Books'n'Bytes
The Invisible Life of Addie LaRue

If you liked

Books like The Invisible Life of Addie LaRue

by V. E. Schwab

Addie LaRue is V. E. Schwab writing a literary fantasy that earned her a New York Times literary-fiction listing. A 1714 bargain, three hundred years of being forgotten, and one Brooklyn bookstore clerk who somehow remembers her. If you finished it and needed another book of equivalent register, these are our picks.

The shortlist

What to read next

  1. American Gods
    American Gods

    by Neil Gaiman

    American Gods by Neil Gaiman 2001 review. An ex-convict named Shadow takes a job as bodyguard to a strange man named Wednesday and learns the old gods of immigration are still here, dying slow. The defining American urban fantasy of the 2000s.

  2. The Midnight Library
    The Midnight Library

    by Matt Haig

    A gorgeous concept executed with warmth and wit. The Midnight Library will make you think differently about the choices you have made - and the ones still ahead.

  3. Klara and the Sun
    Klara and the Sun

    by Kazuo Ishiguro

    Klara and the Sun by Kazuo Ishiguro 2021 review. Klara, an Artificial Friend with outstanding observational qualities, watches the children passing by the storefront and waits to be chosen. Late-career Ishiguro at his most patient and most strange.

  4. Never Let Me Go
    Never Let Me Go

    by Kazuo Ishiguro

    Never Let Me Go by Kazuo Ishiguro 2005 review. Kathy, Ruth, and Tommy were students at Hailsham, a special English boarding school. As adults, they begin to understand what Hailsham was for. The novel that defined the contemporary literary-SF register.

  5. The Ocean at the End of the Lane
    The Ocean at the End of the Lane

    by Neil Gaiman

    The Ocean at the End of the Lane by Neil Gaiman 2013 review. A middle-aged man returns to his Sussex childhood home for a funeral and remembers something he had carefully forgotten. Late Gaiman at his most patient and most personal.

  6. The House in the Cerulean Sea
    The House in the Cerulean Sea

    by TJ Klune

    The House in the Cerulean Sea by TJ Klune 2020 review. A caseworker is sent to evaluate a remote orphanage that may contain the Antichrist. The Mythopoeic Award winning cozy fantasy.

FAQ

Common questions about The Invisible Life of Addie LaRue read-alikes

What is the closest match for Addie LaRue?
American Gods.
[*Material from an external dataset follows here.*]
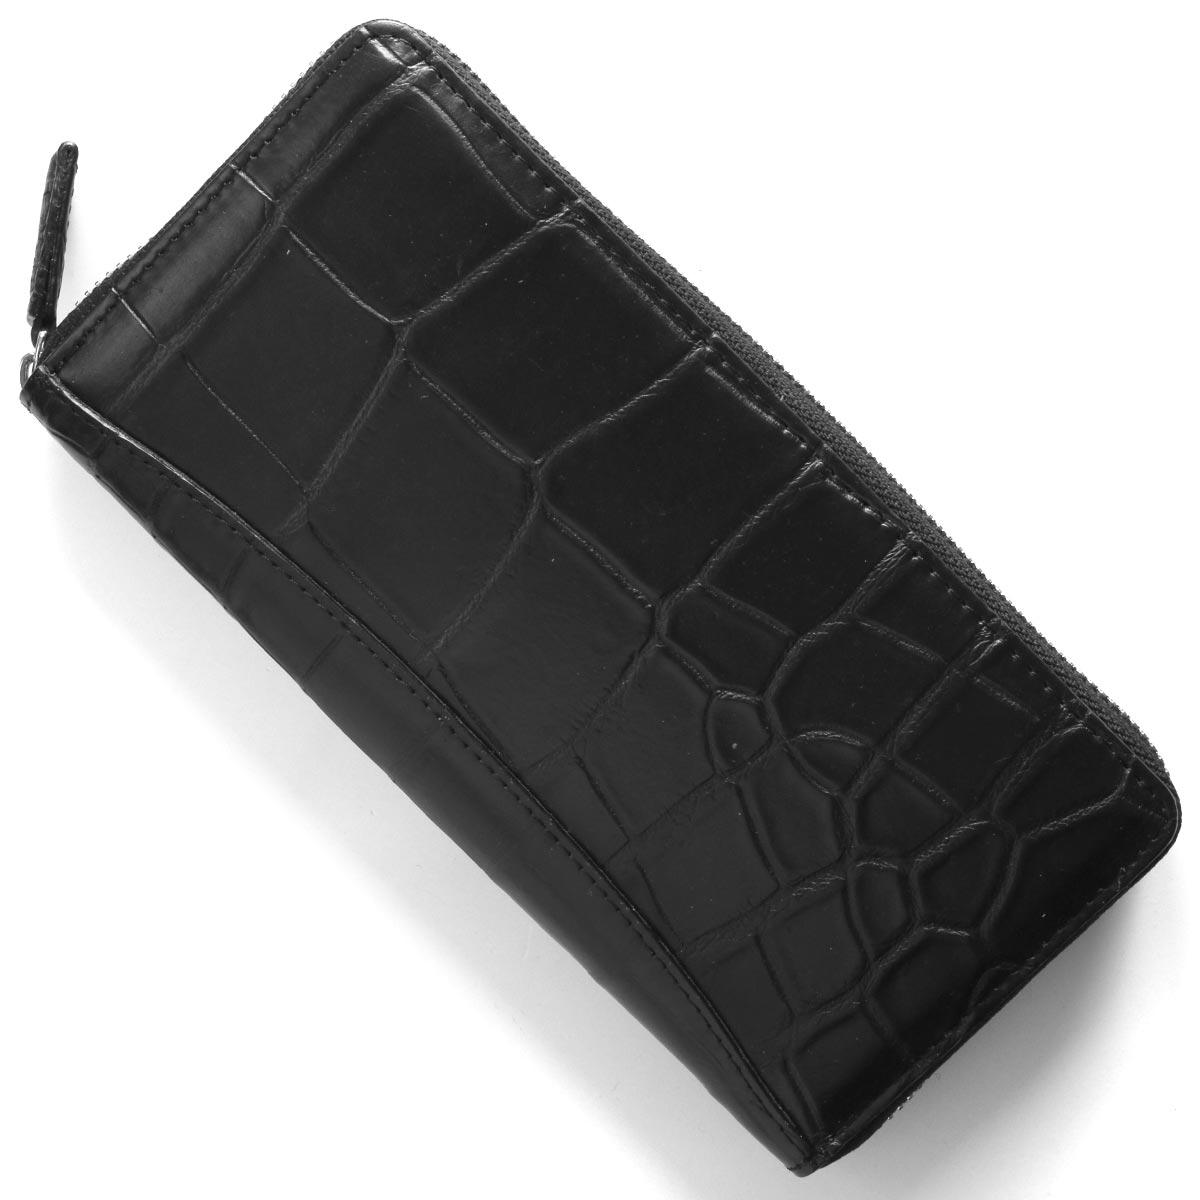 本革 長財布 財布 メンズ レディース クロコ ブラック CRS002P BLK Leather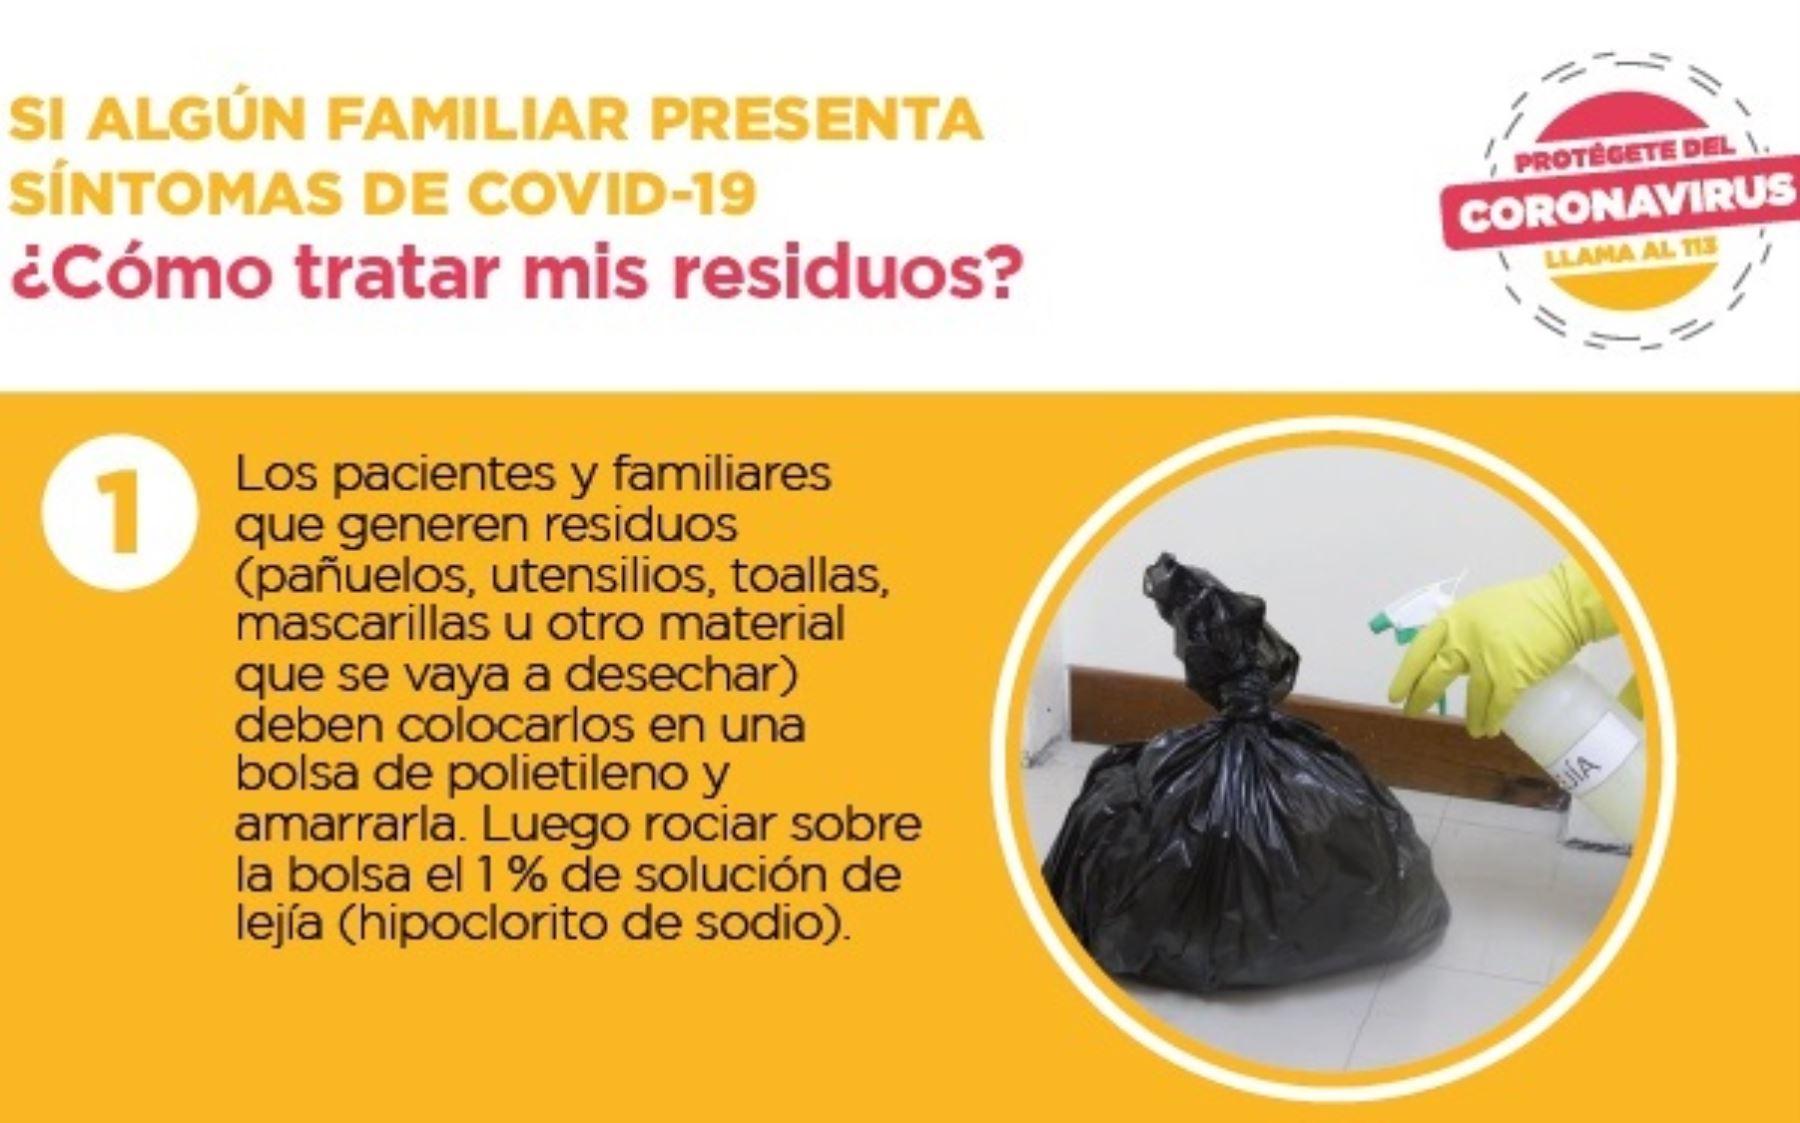 El Ministerio del Ambiente (Minam) presenta el protocolo que se debe seguir para tratar los residuos sólidos si algún familiar presenta síntomas de coronavirus (Covid-19). ANDINA/Difusión

Same gods-bargain mythological architecture, same patient willingness to follow a single protagonist across centuries-long mythic time. Gaiman writes louder than Schwab but the structural logic is the same.
I want more V. E. Schwab.
The Shades of Magic trilogy (A Darker Shade of Magic, 2015 onward) is the obvious next read. The Villains series (Vicious, Vengeful) is the science-fantasy work. Neither is reviewed here yet but both are easy library finds.
I want another book about memory and identity.
Klara and the Sun (memory-and-identity from an AI narrator). Never Let Me Go (memory and what is owed to it). The Midnight Library (memory in the form of unlived lives).
I want another literary fantasy with romance.
The House in the Cerulean Sea is the queer-cozy version. The Ocean at the End of the Lane is the mythic-childhood version. Erin Morgenstern's The Night Circus is the canonical genre-adjacent pick (not reviewed here yet).